1. İçeriğe git
  2. Ana menüye git
  3. DW'nin diğer sayfalarına git

Ankara'da kritik oylama

Zeynep Gürcanlı / Ankara5 Eylül 2006

Lübnan’a asker gönderme tezkeresi Ankara’da tansiyonu yükseltti. Muhalefetin büyük tepki gösterdiği asker gönderme tezkeresi bugün Türkiye Büyük Millet Meclisi’nde oylamaya sunuluyor. Tezkerenin kabul edilmesi için oylamada, salt çoğunluğun sağlanması gerekiyor...

https://p.dw.com/p/AZia
TBMM, Lübnan'a asker gönderme tezkeresini bugün oyluyor
TBMM, Lübnan'a asker gönderme tezkeresini bugün oyluyorFotoğraf: AP

Türkiye Büyük Millet Meclisi, Lübnan'daki Birleşmiş Milletler barış gücüne Türk askeri gönderilmesini öneren hükümet tezkeresini oyluyacak. Meclis aritmetiğine bakıldığında, Lübnan'a asker gönderilmesi kararının geçeceği neredeyse kesin gibi. Başbakan Recep Tayyip Erdoğan'ın partisi Meclis'te kararın geçmesini sağlayacak çoğunluğa sahip. Partide son güne kadar asker göndermeye “hayır” diyeceğini açıklayan milletvekillerinin sayısı ise bir elin parmaklarını bile geçmiyor.

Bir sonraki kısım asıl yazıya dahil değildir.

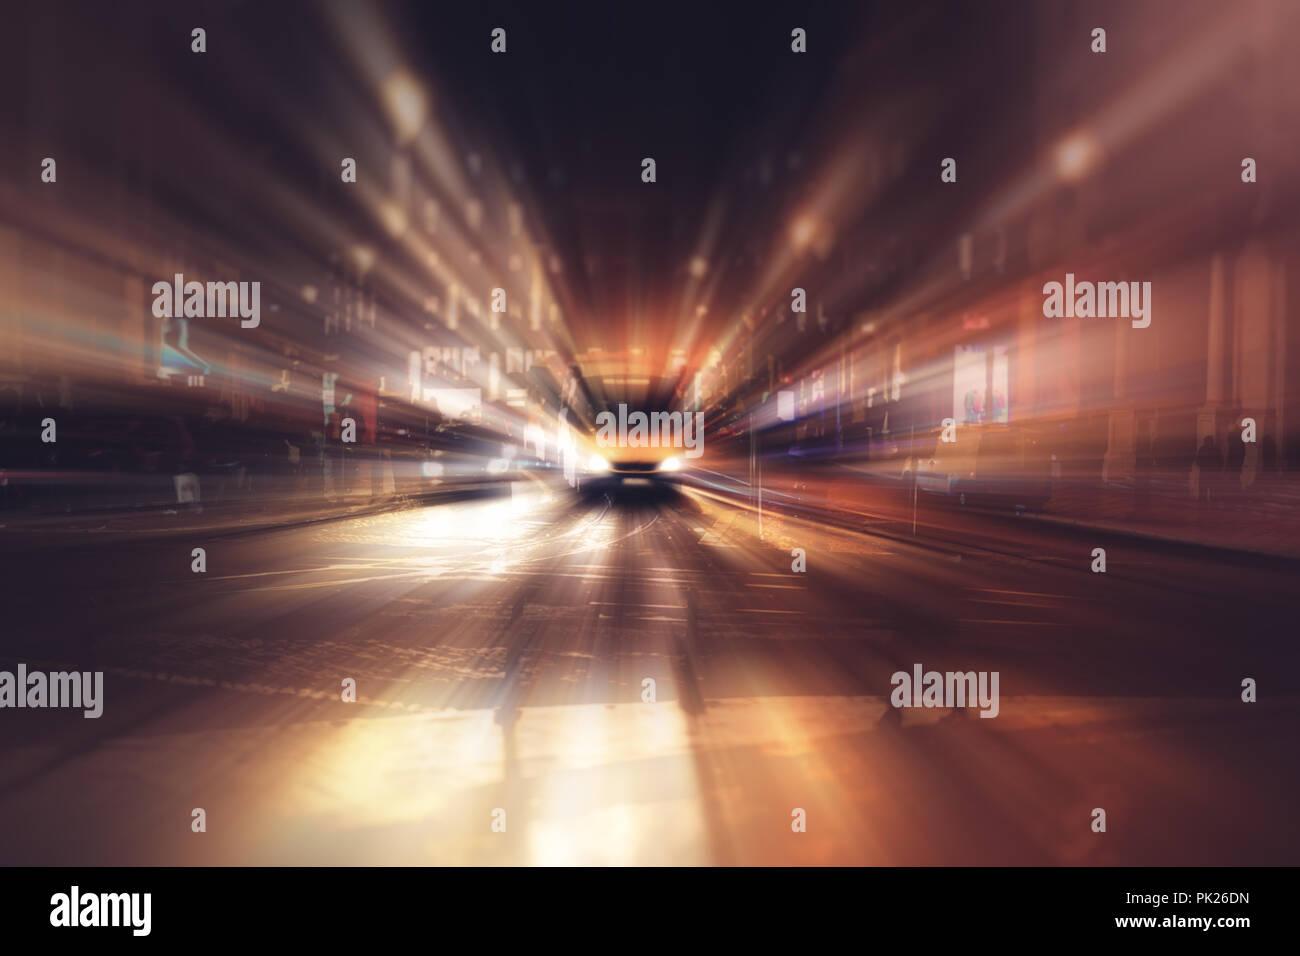 Blurry Illumination And Night Lights Car Traffic Motion Blur The Speed Moving Stock Photo Alamy

Muhalefetteki Cumhuriyet Halk Partisi'nin tüm vekilleri ise karar blok halinde "hayır" oyu verecekler. Parti, bu işi o kadar sıkı tutuyor ki, ayağı kırıldığı için raporlu olan bir milletvekili bile, sadece "hayır" oyu vermek için yarım saatliğine Meclis'e getirilecek.

Hayırcılar ve evetçiler

İktidar ve muhalefet arasındaki bu görüş ayrılığı, Türk halkına da yansımış durumda. Ancak Meclis'teki aritmetiğin aksine, medya kuruluşlarının yaptığı kamuoyu anketlerinde "asker göndermeye hayır" diyenlerin sayısı, az farkla da olsa, "evetçilerden" daha fazla.

Cumhurbaşkanı Ahmet Necdet Sezer de "hayırcılar" kampında yer alıyor. Sezer, yaklaşık 10 gün önce yaptığı açıklamada, Türkiye'nin terörle mücadelesi sürerken, üstelik yurtdışından hiçbir ülke bu mücadeleye yardımcı olmazken, Türk askerinin Lübnan'a gönderilmesinin "yanlış olacağını" söylemişti. Sezer'in PKK mücadelesi ile Lübnan'a asker gönderme arasında kurduğu bu paralellik kamuoyunda da büyük destek gördü.

Erdoğan’ın beklenmedik çıkışı

Böylesine gergin bir ortamda ilk kıvılcım ise geçen hafta sonu ortaya çıktı. 1 Eylül dünya barış gününde uğradıkları PKK saldırısında ölen altı Türk askerinin cenaze törenlerinde aileler, hükümeti açık açık, üstelik sert ifadelerle eleştirdiler. Bu sert eleştiriler de hükümette gerilime, Başbakan Erdoğan'ın ise soğukkanlılığını kaybetmesine neden oldu. Erdoğan, dün Balıkesir'de yaptığı konuşma sırasında “artık şehit istemiyoruz” diye bağıran bir vatandaşa çok sert yanıt verdi. Erdoğan, “Askerlik, yan gelip yatma yeri değildir” dedi.

Başbakan'ın, Türk kamuoyunun en hassas noktasındaki bu sert çıkışı hükümetin işini de iyiden iyiye zorlaştırdı. Çünkü bundan sonra Lübnan'da görev yapacak Türk askerinin başına gelebilecek her olay, kamuoyundaki "hayır cephesinin" lehine puan olarak yazılacak. Bu durum, önümüzdeki yıl iki kritik siyasi olaya, Cumhurbaşkanlığı seçimi ve genel seçimlere hazırlanana Başbakan Erdoğan ve partisi için "büyük risk" anlamına geliyor.